Leonardo’s paintings

Leonardo was able to work as an independent painter in Florence from at least 1472, but he also continued to paint for Verrocchio and he was still living in Verrocchio’s house in 1476. Two years later, Leonardo was asked to paint a religious picture for the Palazzo della Signoria in Florence. We do not know why, but it is believed that he did not complete this painting, although he was given some money for it. All through his life, Leonardo failed to finish paintings.

Leonardo never wanted just to copy what had been done in the past. For example, he tried new methods and new ways of using paint in his paintings. It was traditional in Italy to make paints with egg - this is called tempera in Italian. These paints dried very quickly, which meant that you could not make changes easily. But Leonardo, like other Italian artists, was interested in learning how to make paint with oil instead of egg. This method had been invented by artists in Northern Europe and was coming into fashion in Italy in the 1470s. It made paintings much brighter because of the way light and colour shone through the oil. Painters could build very thin coats of one or more colours to add to the effects. The oil paint also dried more slowly, which meant that you could spend a longer time working on getting a painting as you wanted it. In his portrait of Ginevra de’ Benci, Leonardo used a mix of oil and egg, so he was learning how to use this new way of painting.

This picture, like all Leonardo’s paintings that can be moved, was painted onto a wooden board. But the last paintings in this chapter - The Last Supper and The Battle of Anghiari - were painted onto walls. Artists used a different method for this kind of painting. It was important that the paint stuck to the wall, almost becoming part of the wall - this is called fresco in Italian. So you had to paint while the surface of the wall was slightly wet and this meant that you painted the picture a little at a time, day by day. But when the surface was dry, some artists then painted on top of what they had already painted, adding details or changing things.

Leonardo was one of these painters. But this paint did not stick to the wall in the same way as the paint on a wet surface, so these additions could disappear as time passed. This may be why The Last Supper is in such bad condition and lots of details have disappeared. Although it was painted in the middle of the 1490s, it was already damaged by 1517.

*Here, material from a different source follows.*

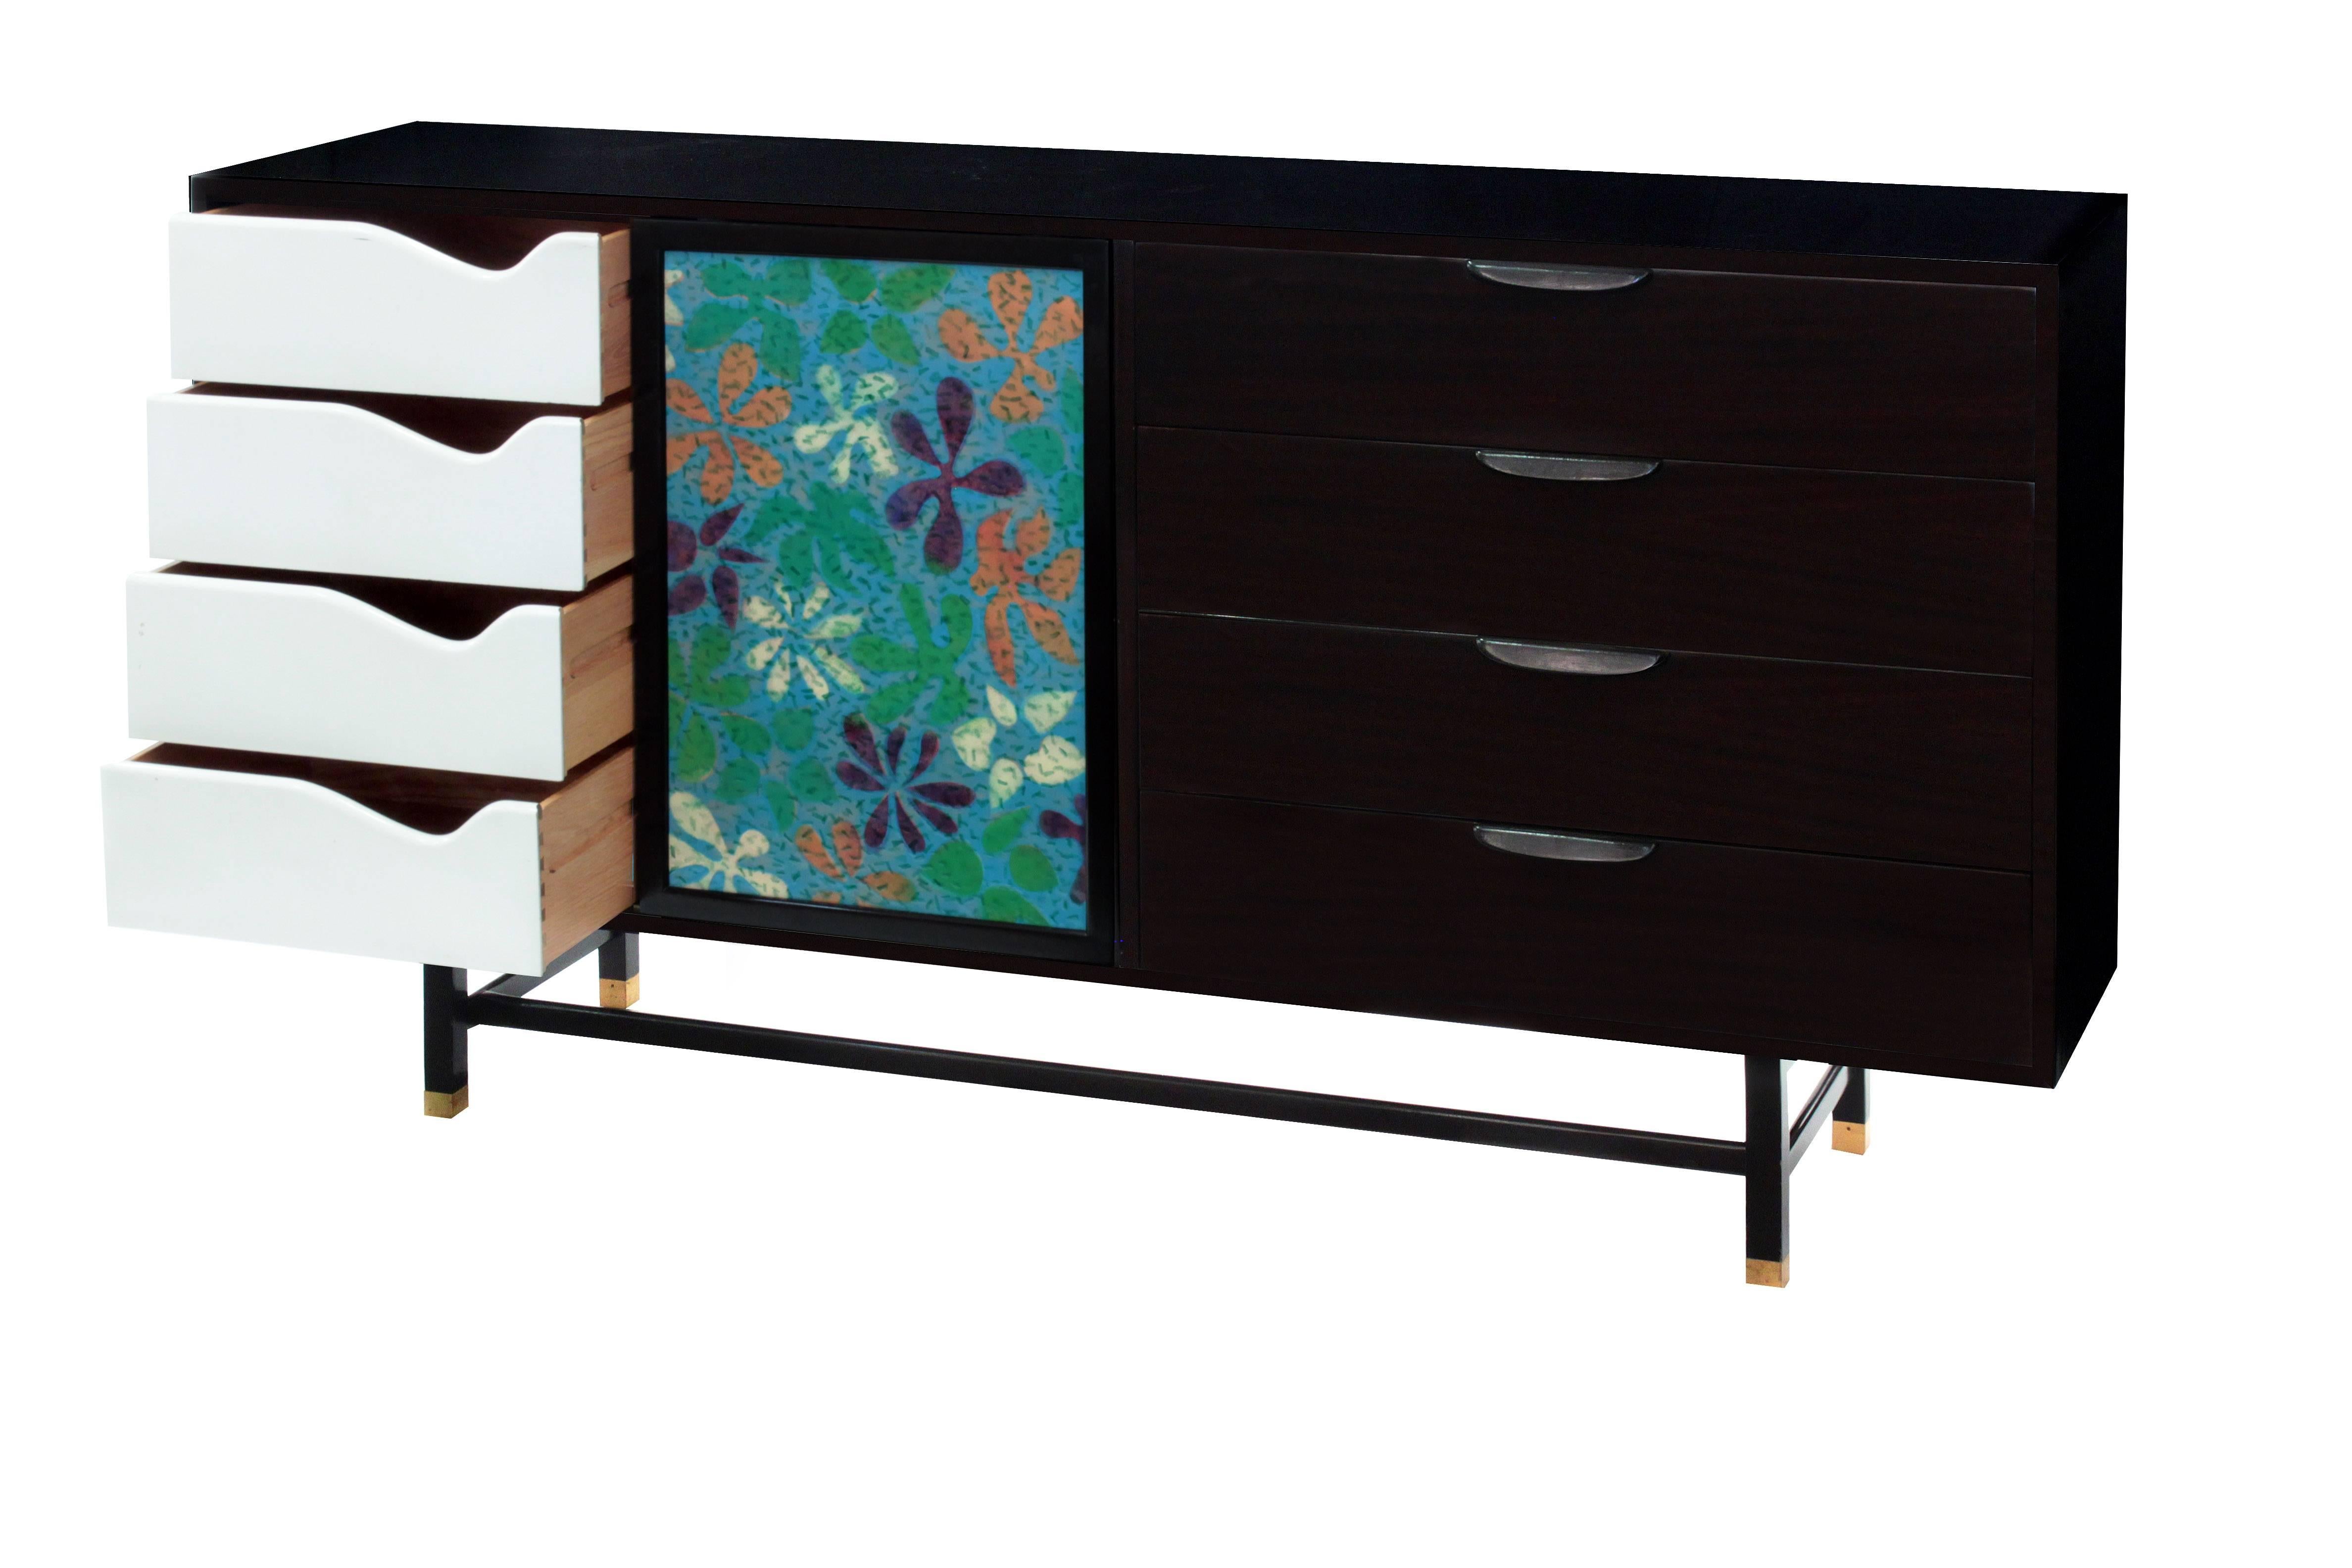 Cabinet No.1079 in mahogany with 2 doors inset with jewelry enamel on copper graphic flower design and rosewood pulls by Harvey Probber, American 1950s (signed inside drawer). Harvey Probber's name is synonymous with exceptional craftsmanship.
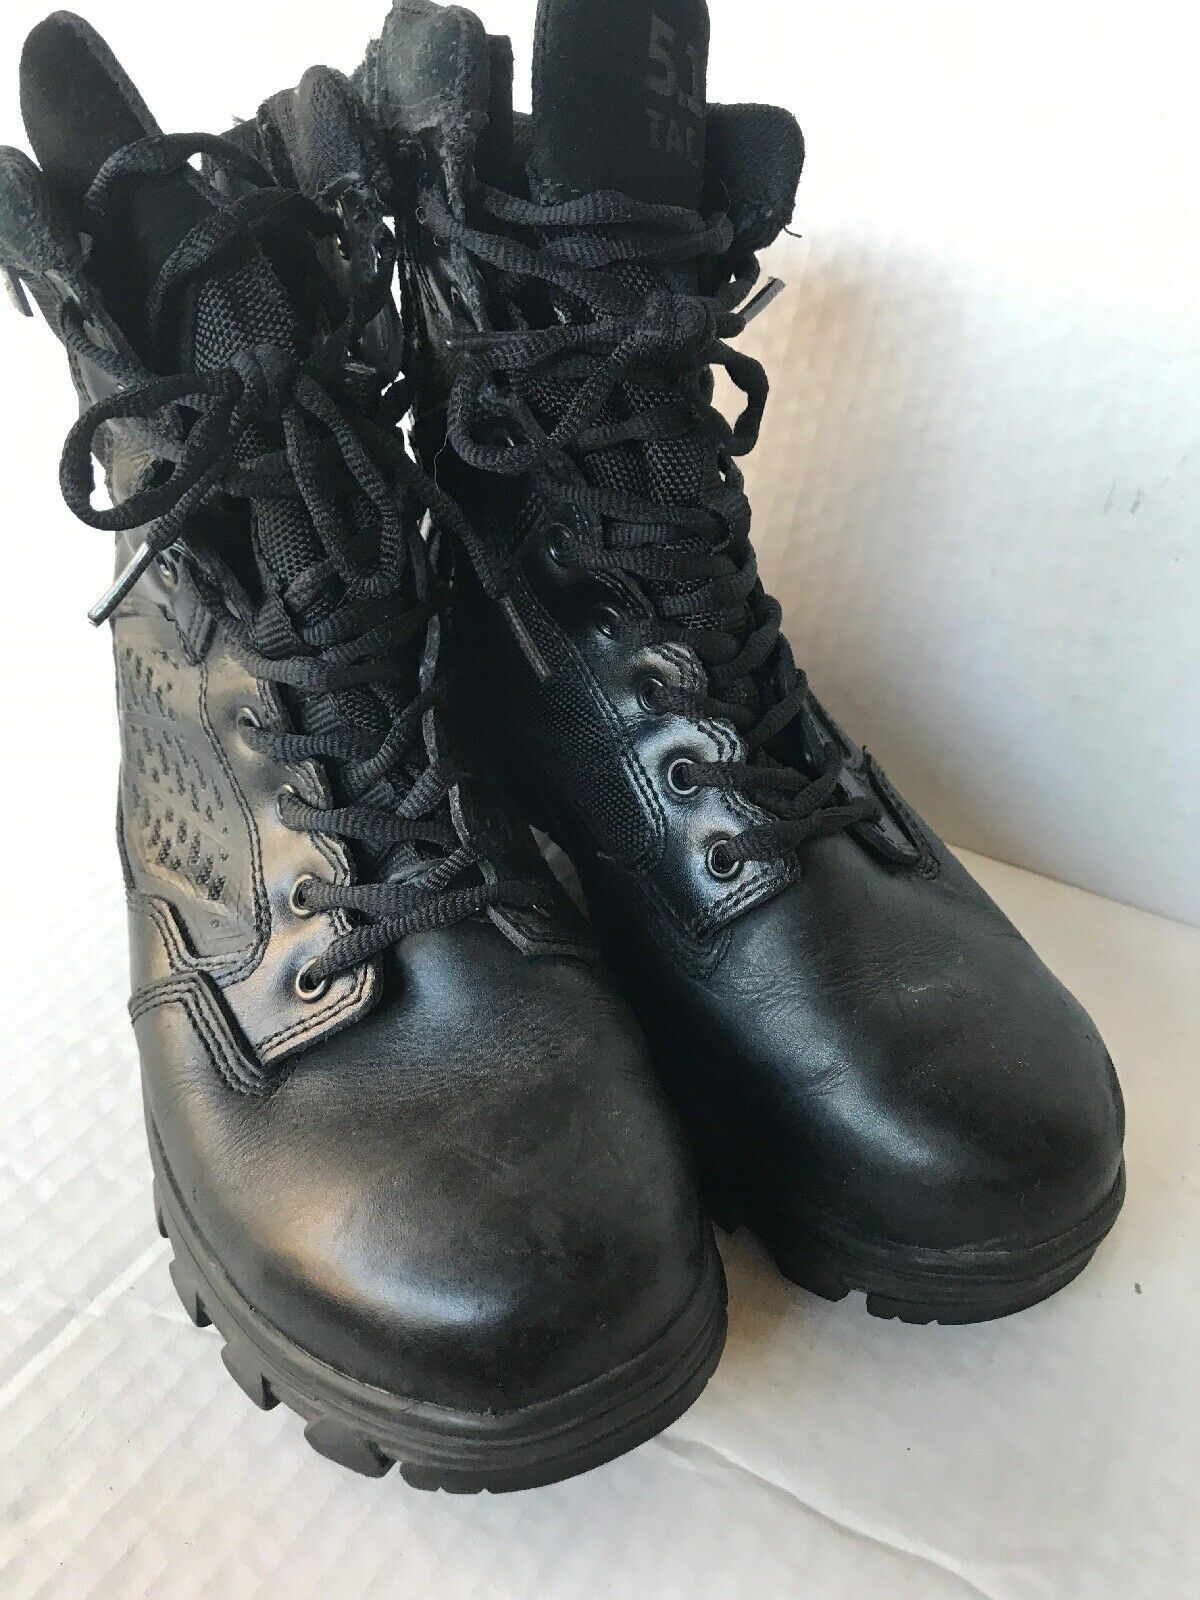 511 Tactical Military Compact 6” Boots Side and 24 similar items

The Madonna of the Yarnwinder is a painting that many people think is by Leonardo. It shows the Virgin Mary with baby Jesus holding a stick onto which wool is placed. It was stolen from a Scottish castle in 2003, where it had been for over 200 years. It was found again by police in October 2007. The painting was valued at $65 million. This high value is because people think Leonardo is a great painter, and also because there are very few paintings by him.

Leonardo the Painter

‘You can see all sides of a sculpture, but painting has to give you the idea of something round when really you are looking at a flat surface.’

Leonardo thought that a painter could tell a story more easily and immediately than a writer by showing exactly how things looked. He also compared painting with sculpture:

I myself have worked as much on sculpture as painting. Sculpture needs light and shadow to look good but a painting has its own light and shadow. Painting also uses and shows colour and distance in ways that sculpture cannot. You can see all sides of a sculpture, but painting has to give you the idea of something round when really you are looking at a flat surface.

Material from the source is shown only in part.